# Colnago MonoTitan



## evoq (Aug 17, 2007)

Hello All,

I was wondering if anyone knew for sure if a 1999 Colnago Monotitan frame was made out of 6/4 ti or 3/2.5 ti.

Would anyone be able to give me some input on the ride? Specifically the stiffness of the bottom bracket. I currently ride a Litespeed Ultimate, if your unfamiliar with that frame. It has a 6/4 front triangle with a 3/2.5 rear triangle. Just from the construction, it will tell you that it has a pretty stiff bottom bracket.

Thanks for your input.

Best Regards,
Howard


----------



## El Cheapo (May 13, 2005)

Howard...I have a 98 Monotitan (AD 11) with about 23,000 miles on it. The only part of the frame that's 6/4 ti is the bottom bracket. The tubes are 3/2.5. As for stiffness, it's not like steel but still pretty good. I've been thrilled with mine since the first time I rode it. I can only comment on riding not racing. If I raced I would go with carbon.


----------



## evoq (Aug 17, 2007)

El Cheap,

Thanks for the information. I didn't get the Monotitan after all.. Which is probably a good thing. I'm finally finding that having different rides in the stable is the best thing. So I ended up with a Mapi edition C40. 
PS. don’t ride one. You'll end up with one!

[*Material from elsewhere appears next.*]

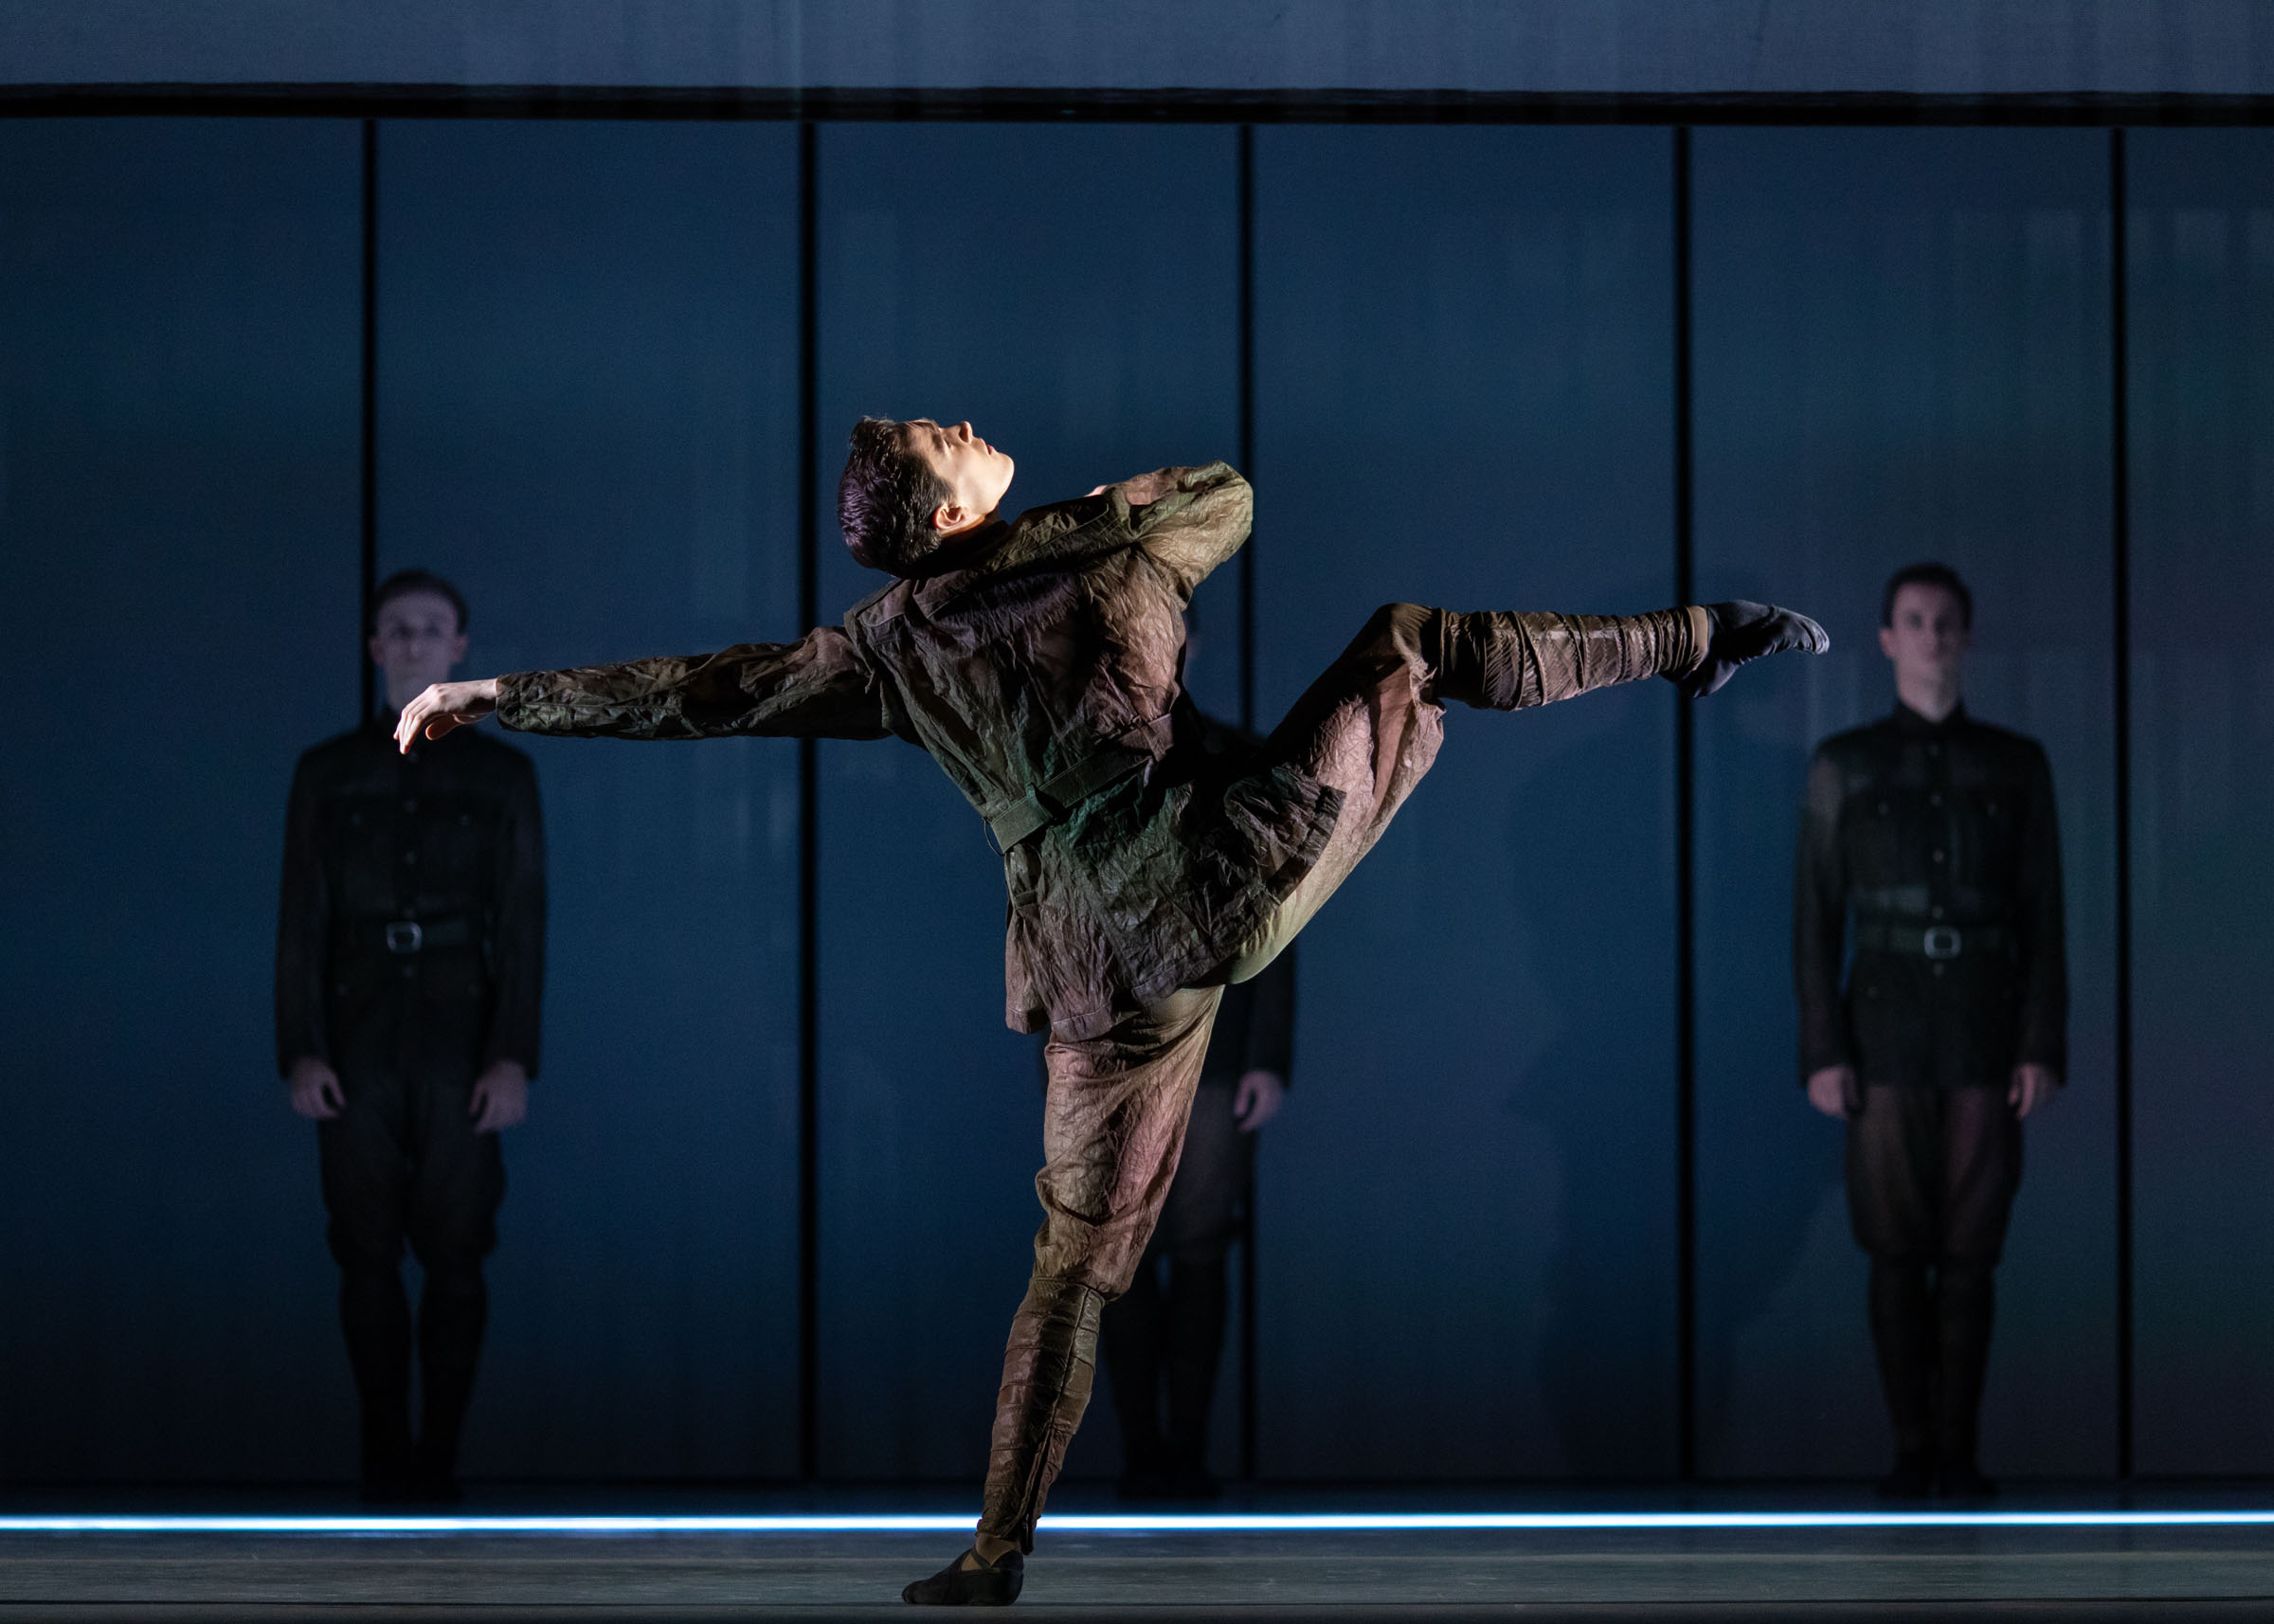 William Bracewell as Ted Feltham in Alastair Marriott's The Unknown Soldier, The Royal Ballet

Thanks again. Happy riding!


----------



## fick (Jul 30, 2007)

Hey evoq,
What was your source on Monotitan?
I'm looking for one in a 55
Thanks
CP


----------



## evoq (Aug 17, 2007)

Fick,

The Monotitan I was looking at was on Ebay. It went for a pretty penny so I dropped out of the bidding early.

If your not looking for anything specific, there are some good deals to be had. There was a NOS CT-1 that went for $541. So keep looking.

Good luck.


Best Regards,
Howard


----------



## fick (Jul 30, 2007)

Thanks Howard


----------